When the time comes that all three kiddos are tucked into their beds, I can’t help but feel a giant sigh of relief. Knowing that we have survived another day, everyone relatively unscathed (that is if you don’t count Noah’s tumble down a flight of stairs and the demise of a very admired Bulls sweatshirt – perspective!!!), it is a huge feeling of success. Even more so when I’m running a solo ship.
I didn’t quite realize when I signed up for Adam’s new job being a bi-state commute, that it would also mean frequent business trips to California. As if it wasn’t painful enough – him leaving a job that was a two minute commute for an hour and a half commute. Now he also goes away about every six weeks.
Don’t worry, everything is under control. NOT!!!!
It’s already been a week full of vomit, polar vortex, frozen pipes, etc etc. I’d like to say it’s been unusually challenging but that would completely be a lie. Yes, children don’t puke every week. School doesn’t close every week…although it seems like it lately. It’s just a normal crazy week with a different slew of problems thrown into the mix to keep me on my toes.

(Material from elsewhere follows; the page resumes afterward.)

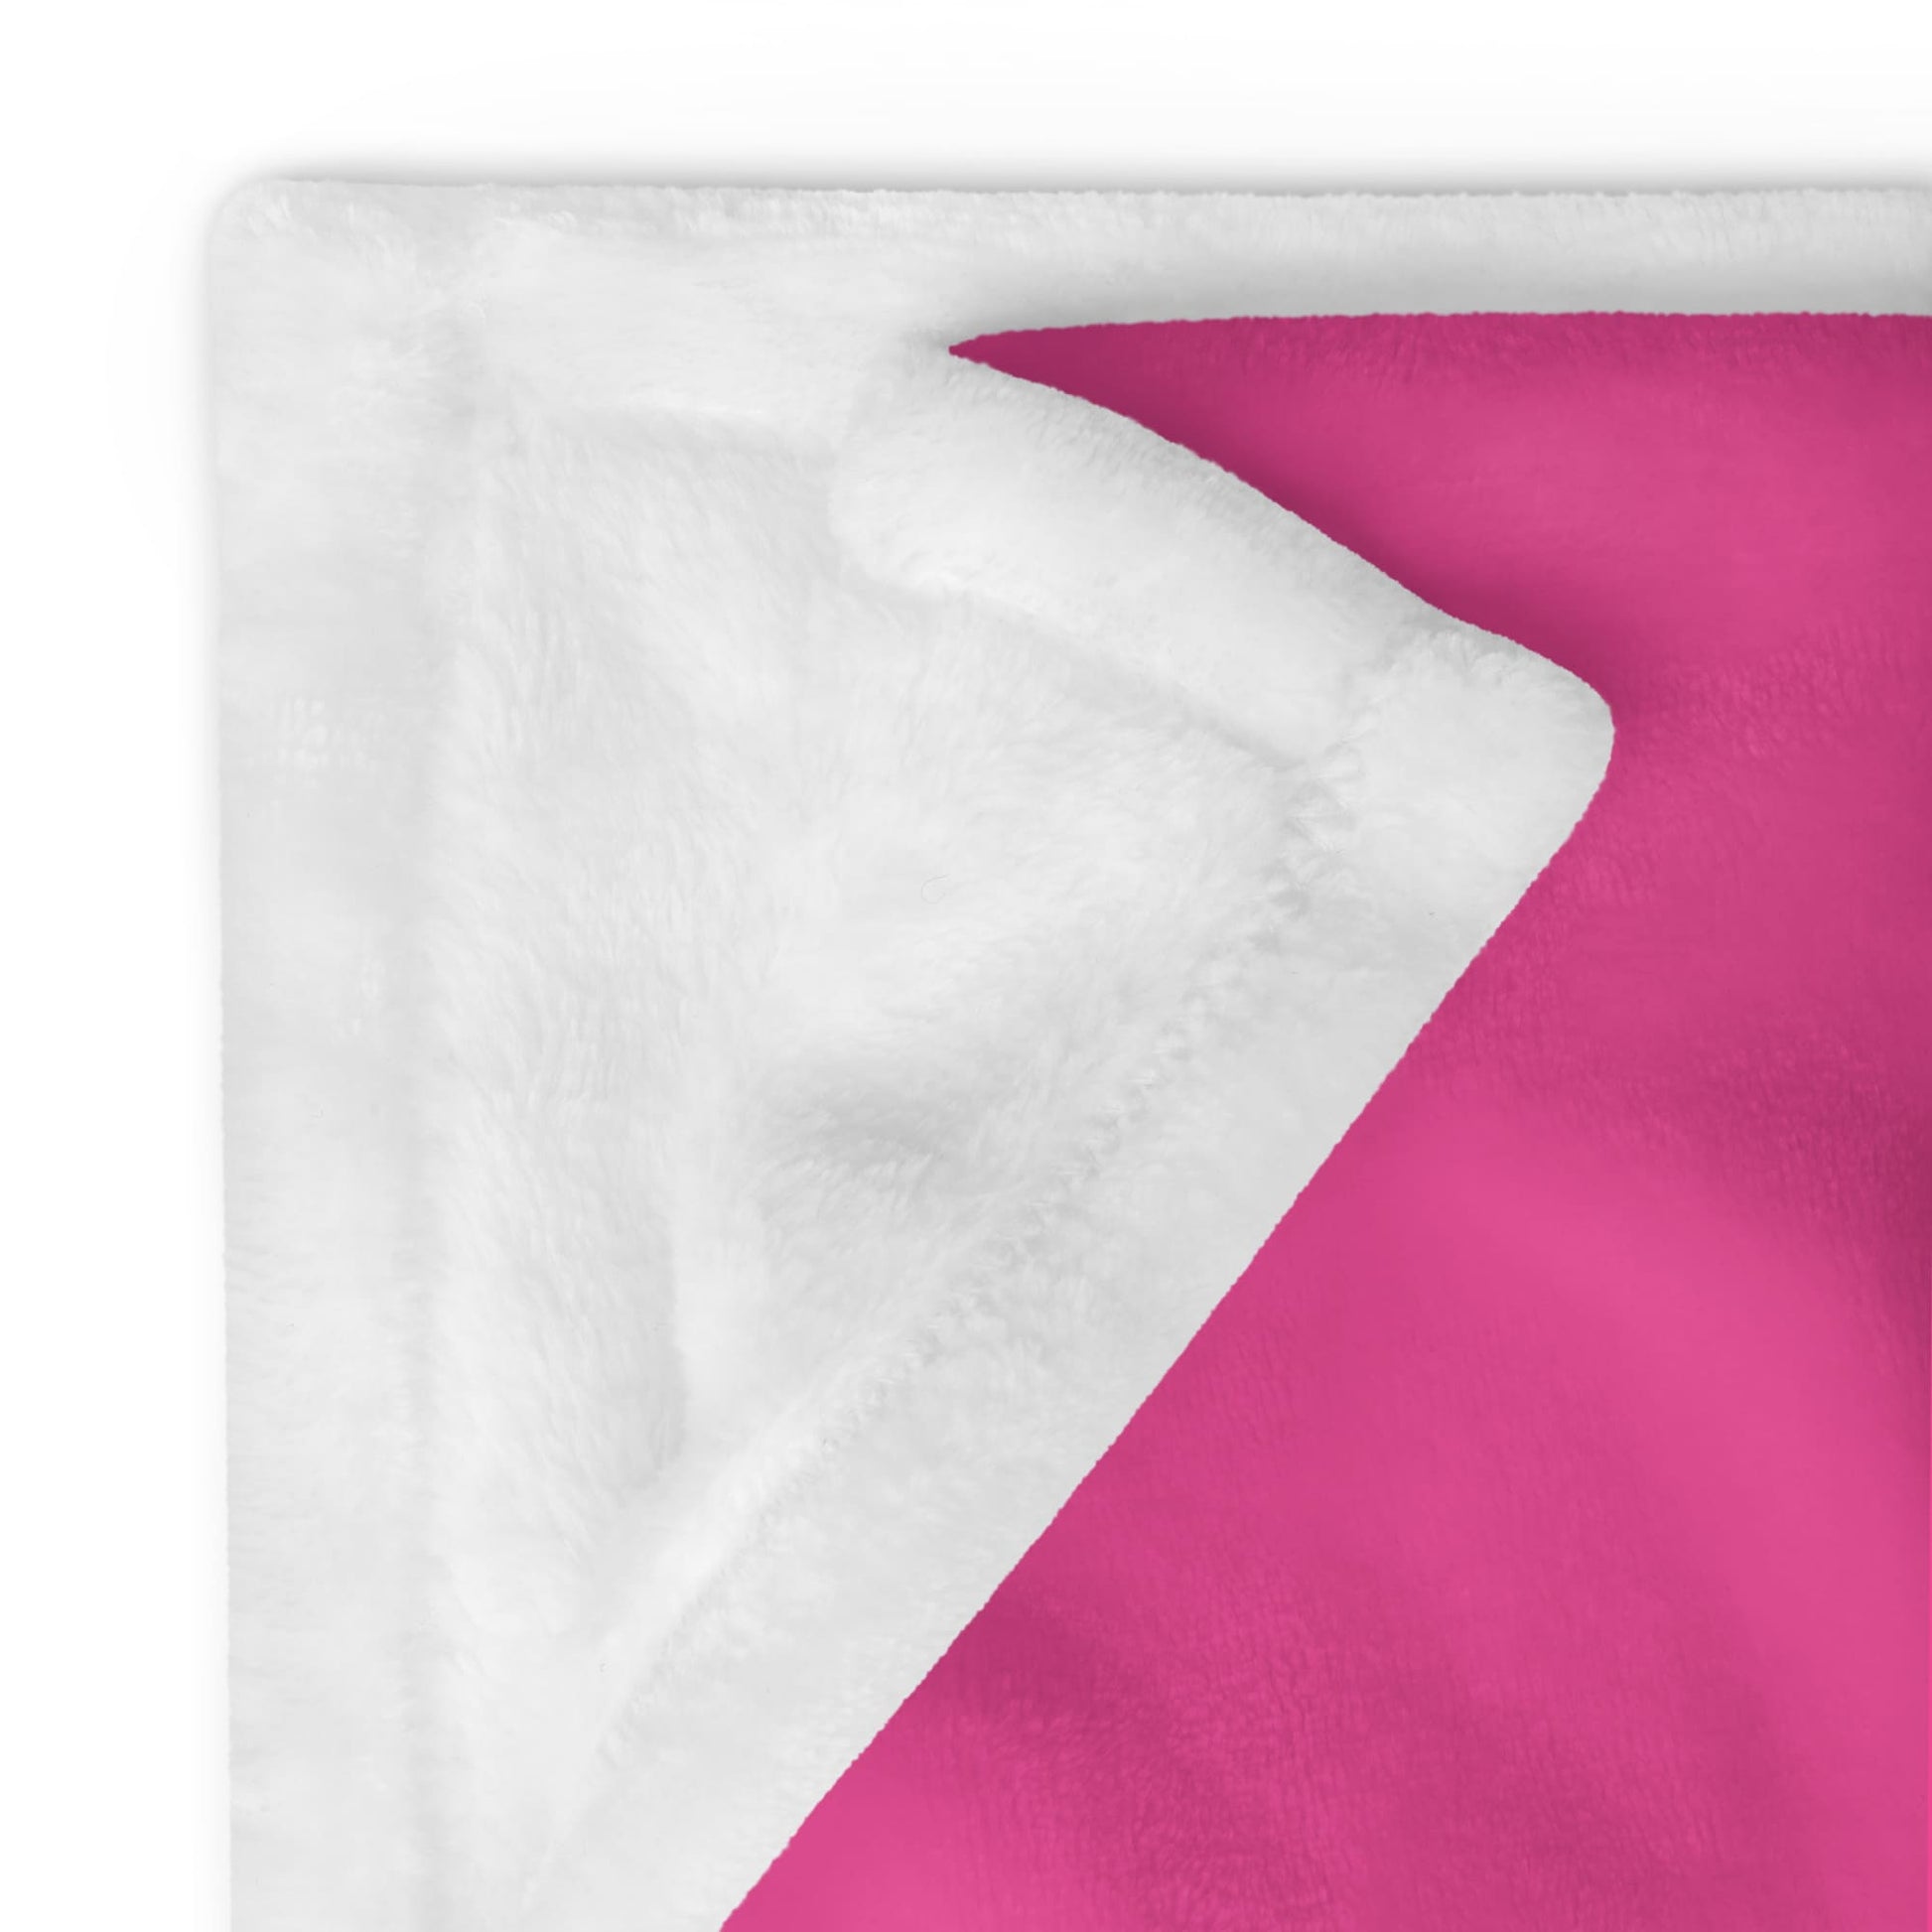 pansexual blanket detail

Adam comes home tomorrow. At which time he will be beyond exhausted and beyond useless…minus the whole bringing home the cold hard cash part (which I sincerely appreciate in case this blog doesn’t adequately reflect that). I’m clearly not getting a break anytime soon – after all this is motherhood. So tonight I’m going to just sit back, raise a glass to myself who has successfully put three crazy people to sleep and survived the day. And then I’m gonna wake up again tomorrow and try to do it all over again. Wish me luck!